Comments

ScottW wrote on 7/6/2006, 8:39 AM
You would adjust the volume by changing the volume level on your receiver (amplifier, etc).

The only control you have over the volume is in Vegas before you render the audio out.

--Scott
wikksmith wrote on 7/6/2006, 9:13 AM
ScottW:
Thanks for the reply. My menu sound track is much louder than my video because I have attenuated some of the music tracts on the video to match the audio portion of the video clips). It's easy enough to turn the volume up when the video starts, but the real problem is that when the video ends, it immediately goes back to the menu with its louder sound track - very jarring on a home theater system!
Ian
ScottW wrote on 7/6/2006, 11:15 AM
Then you'll need to re-render your menu audio from Vegas at a lower volume level.

--Scott
Paul Mead wrote on 7/6/2006, 1:10 PM
Or normalize the audio and music segments in your video so that the volume levels match. Then you don't have to mess with the volume of your menu.
John_Cline wrote on 7/6/2006, 3:32 PM
A lot of people will use the "Normalize" function in Vegas. This will adjust the peak level to a certain value. Unfortunately, peak levels are meaningless when it comes to determining how "loud" your final product is. The human ear doesn't determine loudness by the peak level, it determines it by the average (or RMS) level. The "normalize" function in Vegas is useless because it only makes adjustments based on peak levels and that's not they way we hear things.

If you're watching a movie on TV and it has some relatively quiet dialog and then a commercial comes on, the commercial sounds louder because it has been heavily compressed in order to raise its average level (and get your attention.) The fact of the matter is that the movie and the commercial probably had the same peak level, it just that the commercial has a much higher average level.

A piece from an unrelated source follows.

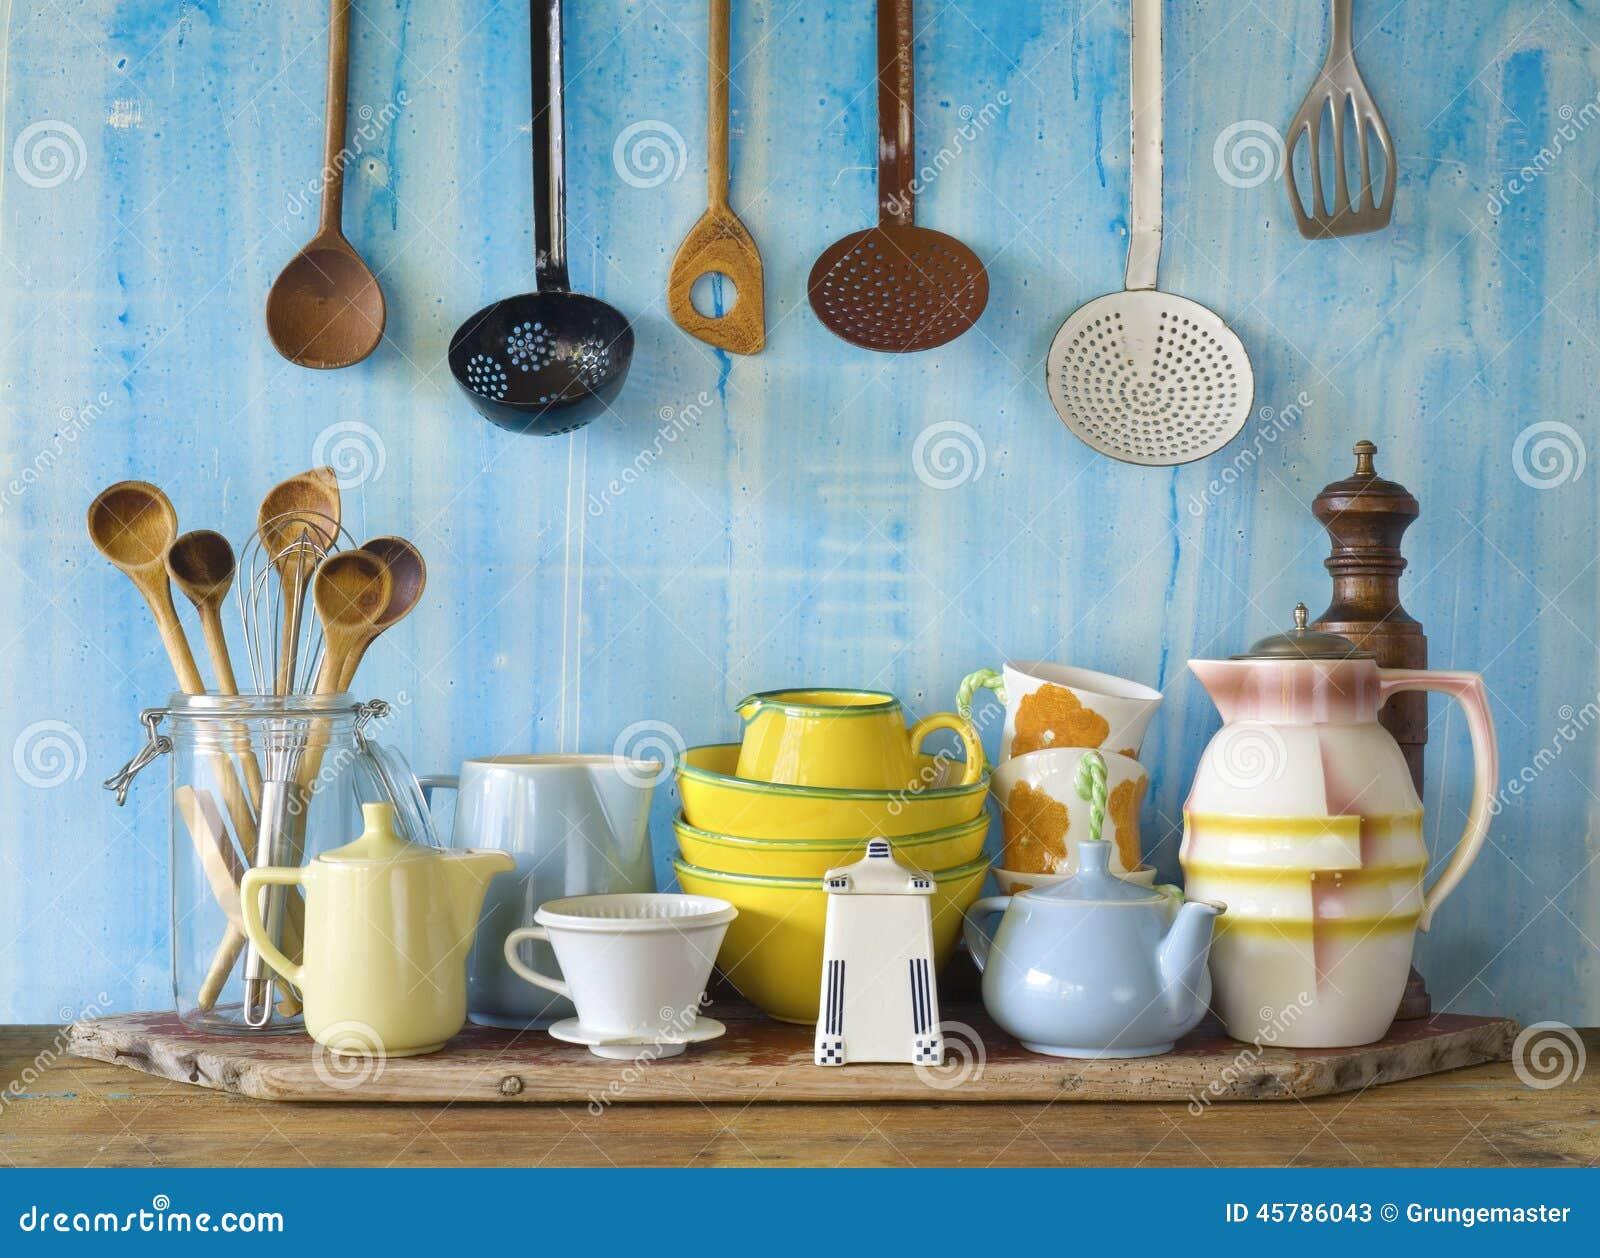 Vintage kitchenware - Collection Of Vintage Kitchenware

Audio compression and limiting is an art form and it takes a lot of experience to do it "correctly." There are no hard and fast rules to determine the appropriate average level, you'll just have to play it by ear. But like I said, peak levels are virtually meaningless (well, as long as they don't exceed 0db.)

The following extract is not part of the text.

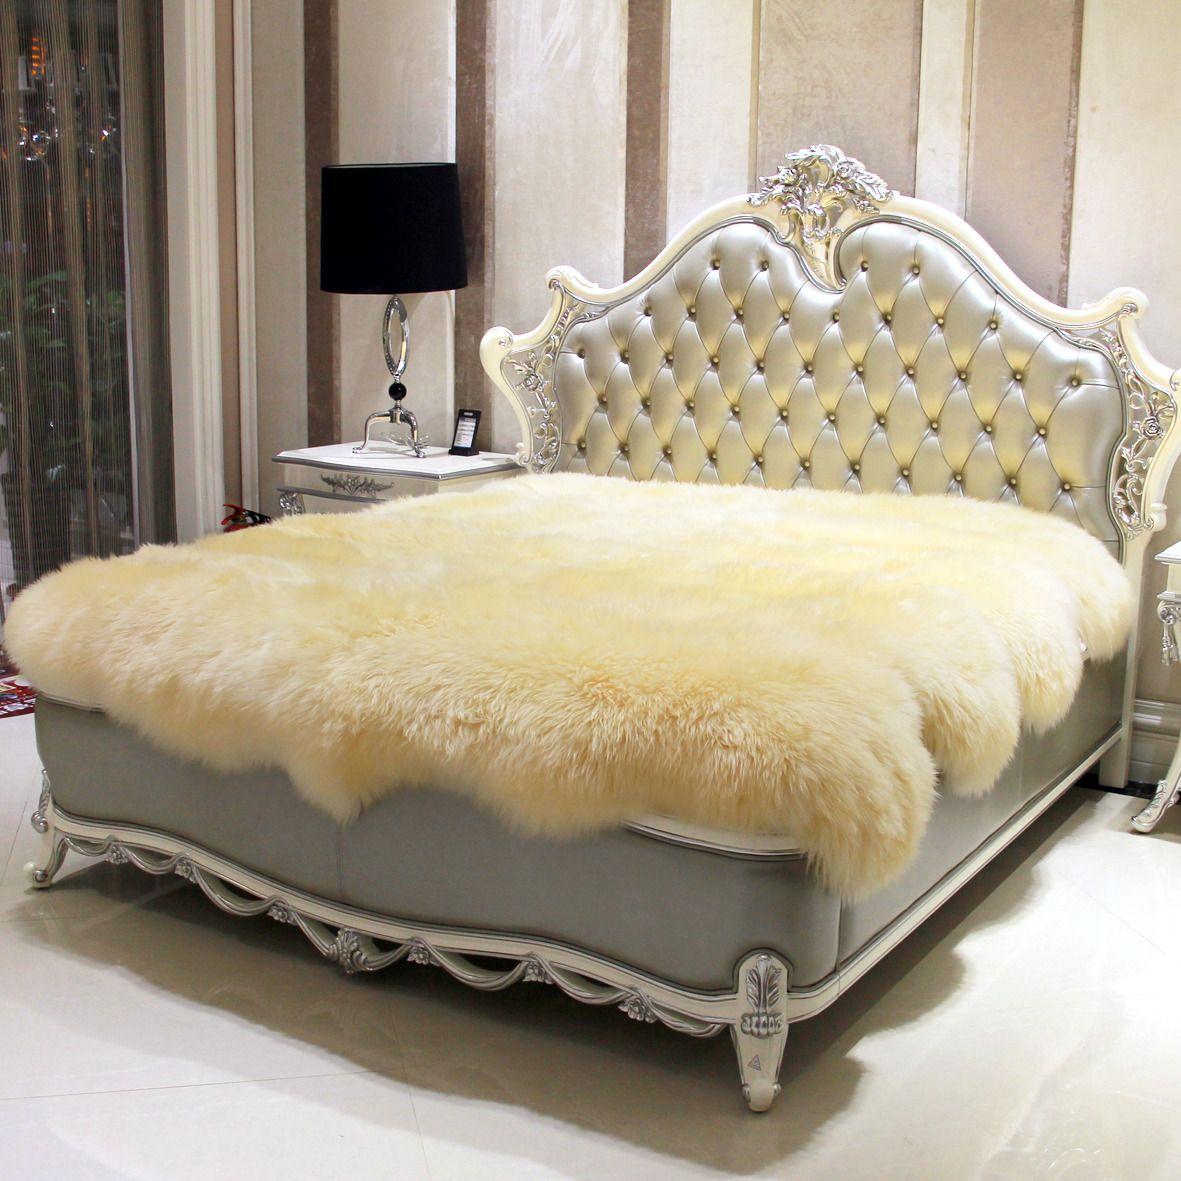 Cheap Mattress Pad Buy Quality Wool Mattress Directly From China Padded Bedspreads Suppliers Wool Mattress Fur One Fur Blanket Bed Wool Mattress Mattress Pad

You could use the Normalize function in Sound Forge, it can be set to normalize for average levels, which is what we want. Render out the audio from the entire timeline and pull it into Sound Forge, then mark each different clip or section that needs to be level matched. Use the Normalize function in Sound Forge and set it to normalize using "Average RMS power" and normalize to -20db and select "If clipping occurs apply Dymanic Compression." -20db is a good starting point, you will have to play with this value for your project. Once you have determined the appropriate RMS level, use that same value for everything and the loudness of will be matched throughout your entire project.

John
wikksmith wrote on 7/6/2006, 4:48 PM
Thanks for the info. I've never done a re-render. What exactly do I re-render?
Ian
Chienworks wrote on 7/7/2006, 9:33 PM
In this case it will be exactly the same thing as the render you've already done. Open up Vegas, load the project you used to create the menu, and render it. The only difference is that you'll reduce the volume level in Vegas before doing the render. The "re" part is merely a reference to the fact that you're rendering something again that you've already rendered before.
TheHappyFriar wrote on 7/7/2006, 10:29 PM
on that TV levels thing... odds are that's not true for most of the TV you watch. Some stations/networks do this on purpose (i've NEVER noticed it durring network programming commercials or comercials fed with syndicated shows, but others in the industry have said it is done, so it could be "fixed" at the stations), but odds are eigther a) the people who put the commercials on the system messed it all up (it's eigther way to loud or to low)or b) the control room guy messed it all up (turned the volume up/down to much).

Combine that with the fact almost nobody has the same rules for what a "tone" stands for & walah... you've got to turn the TV down durring commercials.

vitalforce wrote on 7/30/2006, 2:47 PM
I hit this consideration today--after discovering what interesting menu picture effects I can create right in DVDA3 using masks and color adjustments, it seemed that I ought to be able to just click on something or other do a basic volume adjustment for the menu music so it wouldn't blast compared to the program volume.

I'm writing the Madison folks with a suggestion accordingly.
Steve Mann wrote on 7/30/2006, 10:34 PM
This is not a function of DVD authoring. All that DVDA can do is add menus and flow control to the media that you have provided. The levels are what the levels are in your media. If you want to change that, you have to go back to your editing program and adjust the levels there.

Steve M.
Dan Sherman wrote on 7/31/2006, 8:25 AM
I have found this always to be problamatic with DVD-A.
Drag the audio file into Vegas, pull down the level and re-render.